Hi @dmmiller612 ! How are you adding the JARs? I'm not familiar with EMR, but depending on how they attach dependencies, the s3 NIO JAR may not be visible to the correct classloader. As far as I can tell, the NIO system searches a specific classloader for the NIO Fs implementations. What's worked most reliably for me is to have the NIO library on the executor classpaths when the Spark executors boot.
The approach for doing this was documented in https://github.com/bigdatagenomics/adam/commit/90572b57586ae02779536b03ffe1ae7adc038ee9 or earlier.
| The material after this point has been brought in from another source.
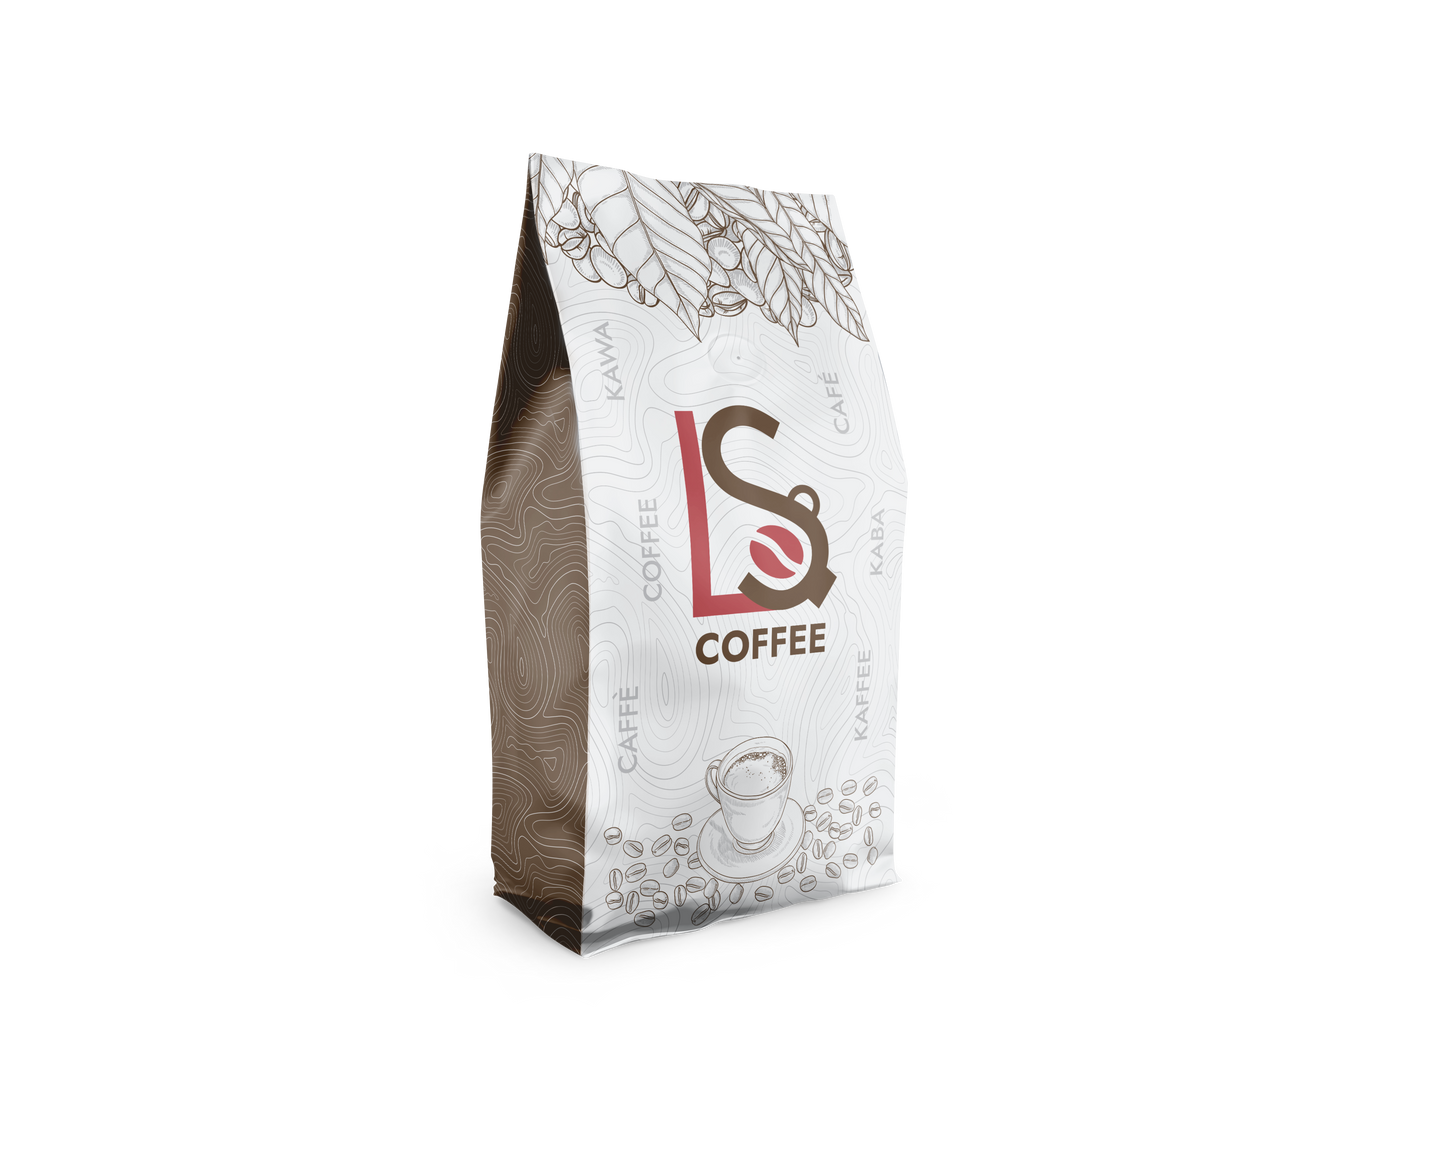 Kawa ziarnista LS COFFEE 50/50, 1 kg

I'm trying to transformAlignments from BAM file in S3, e.g.:
It fails with:
org.apache.spark.SparkException: Job aborted due to stage failure: Task 92 in stage 0.0 failed 60 times, most recent failure: Lost task 92.59 in stage 0.0 (TID 1266, ip-10-184-8-118.ec2.internal, executor 1): java.nio.file.ProviderNotFoundException: Provider "s3" not found at java.nio.file.FileSystems.newFileSystem(FileSystems.java:341) at org.seqdoop.hadoop_bam.util.NIOFileUtil.asPath(NIOFileUtil.java:40) ...
If I stage the input BAM file onHDFS, the problem is resolved (the S3 output path works fine - only S3 input path causes problems).
Do you have any pointers or fixes to get transformAlignment to support S3 input BAM files?